What is a word embedding? Essentially, it is a mathematical representation of a word (or phrase) as a vector (a numerical array) in a high-dimensional space. These vectors capture the semantic meaning of the word by representing its relationships to other words in a corpus of text. That means that semantically similar words (for example car
and minivan
) would be close in this high-dimensional space.
This approach requires a separate vectorization model - we could start with a pre-trained dataset called GoogleNews300. This model contains 300-dimensional vectors for 3 million words and phrases.

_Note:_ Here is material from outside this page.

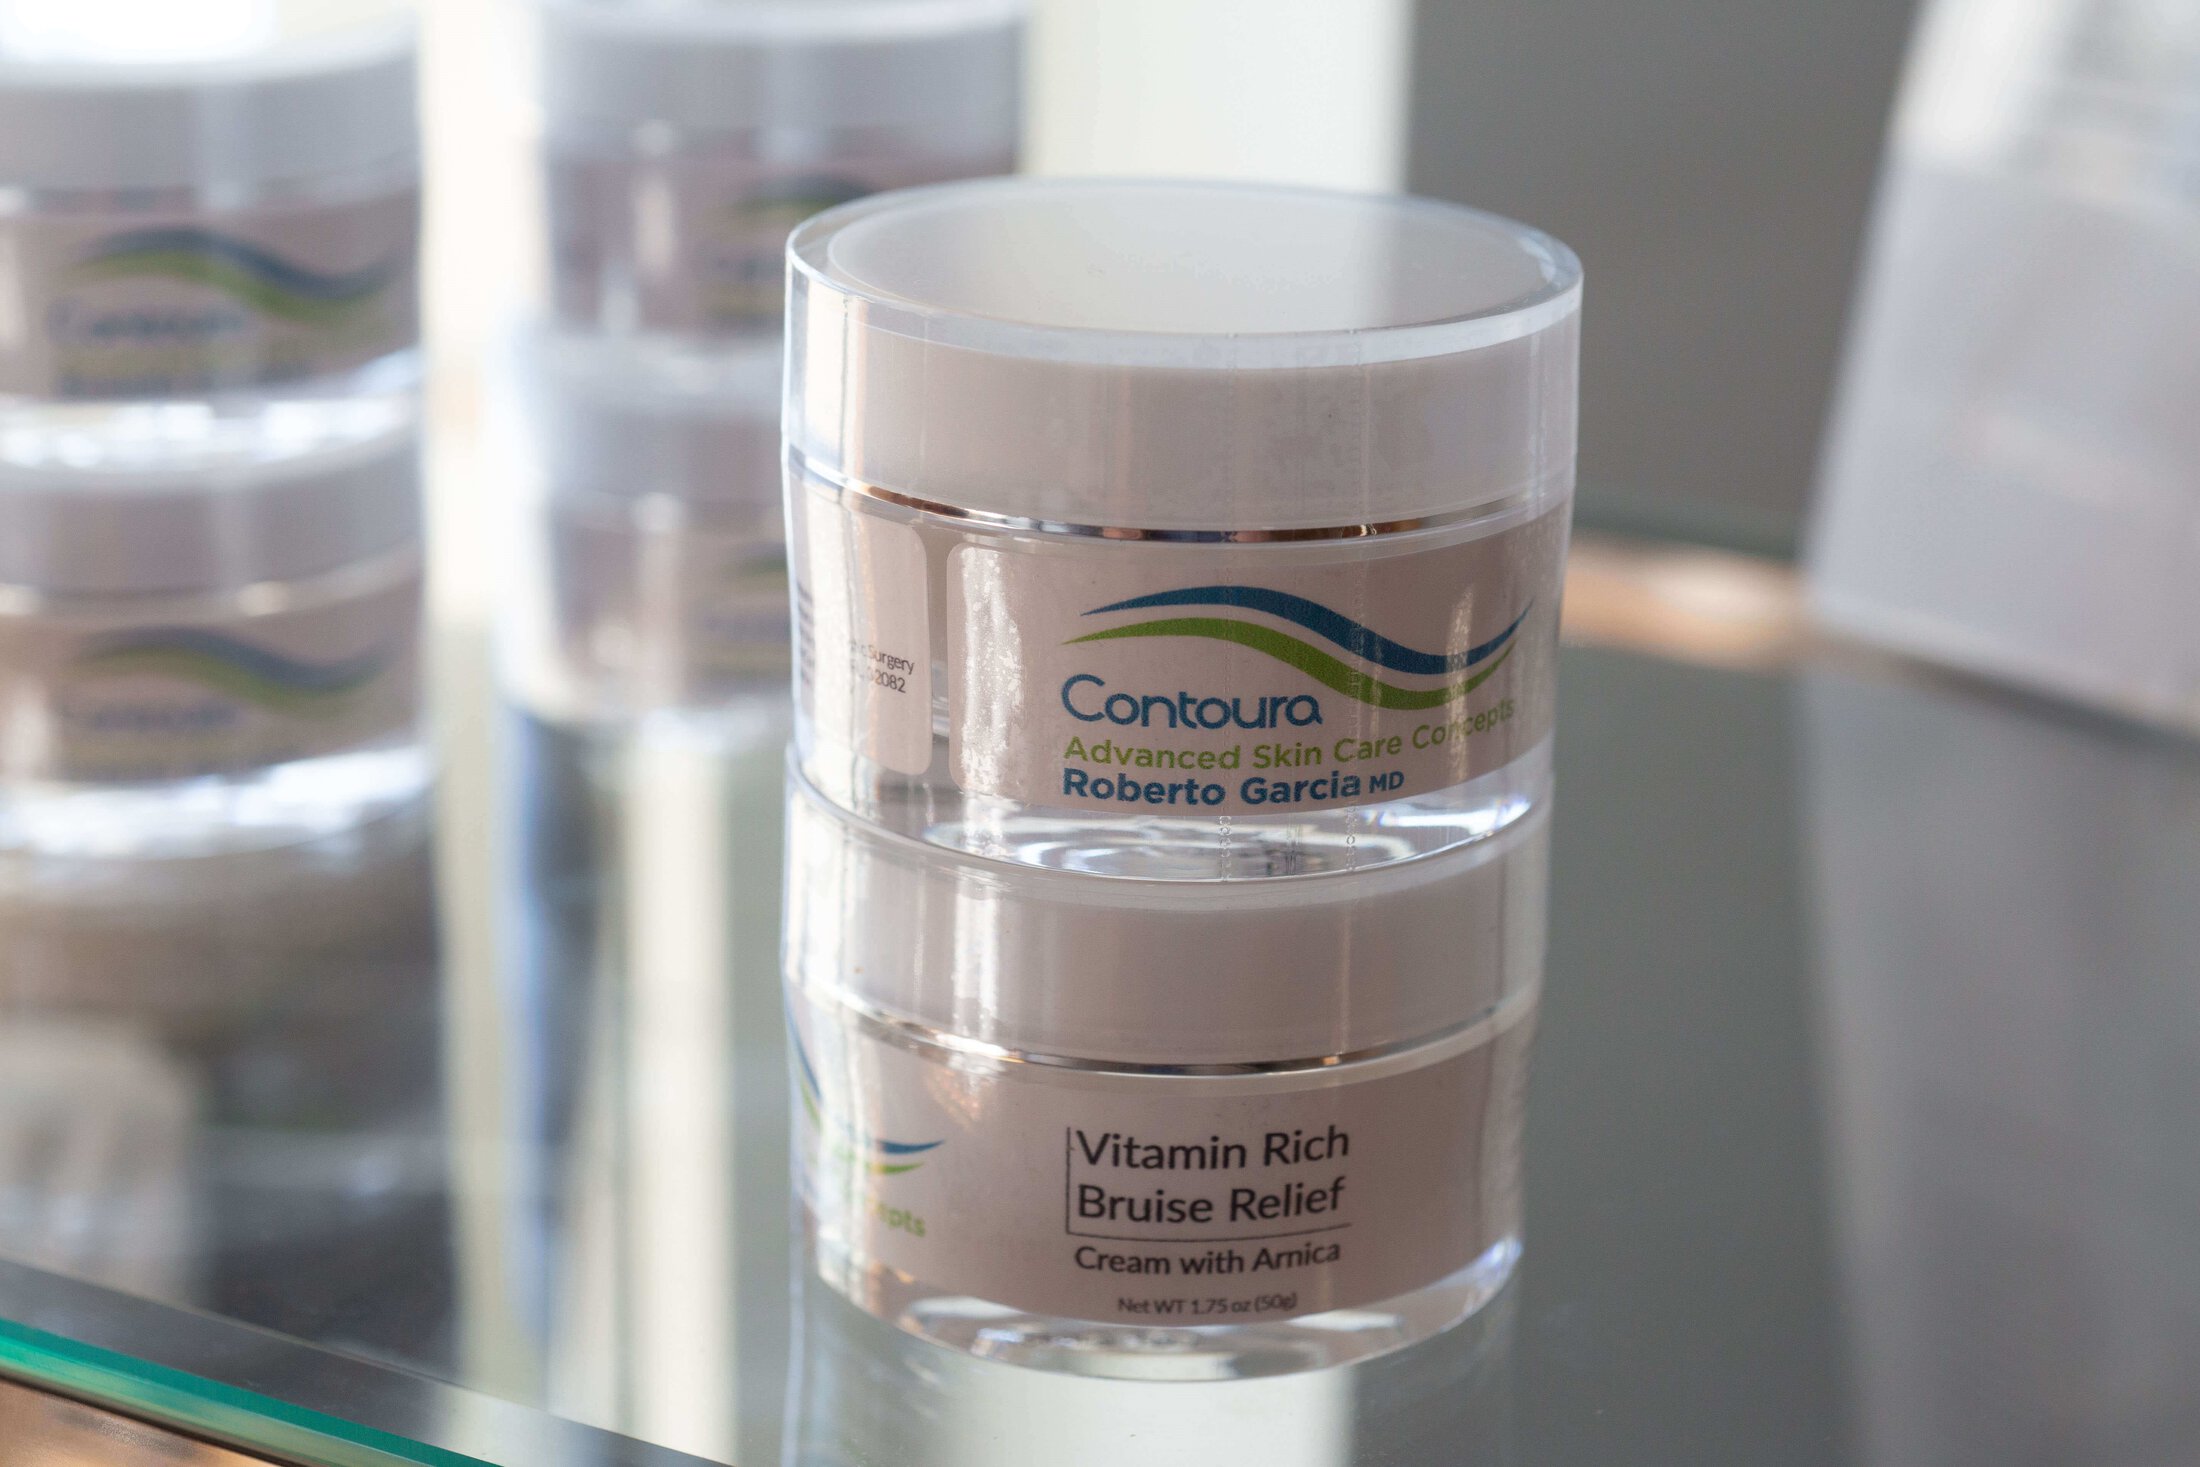 Contoura Vitamin Rich Bruise Cream with Arnica product

Let’s download it and check how good it works for different words.
import kagglehub
path = kagglehub.dataset_download(
'leadbest/googlenewsvectorsnegative300',
path='GoogleNews-vectors-negative300.bin.gz'
)
from gensim.models import KeyedVectors
wv = KeyedVectors.load_word2vec_format(path, binary=True)
pairs = [
('car', 'minivan'), # a minivan is a kind of car
('car', 'bicycle'), # still a wheeled vehicle
('car', 'airplane'), # ok, no wheels, but still a vehicle
('car', 'cereal'), # ... and so on
('car', 'communism'),
]
for w1, w2 in pairs:
print('%r\t%r\t%.2f' % (w1, w2, wv.similarity(w1, w2)))
'car' 'minivan' 0.69
'car' 'bicycle' 0.54
'car' 'airplane' 0.42
'car' 'cereal' 0.14
'car' 'communism' 0.06
That definitely makes some sense, right? Communism has poor relations with cars.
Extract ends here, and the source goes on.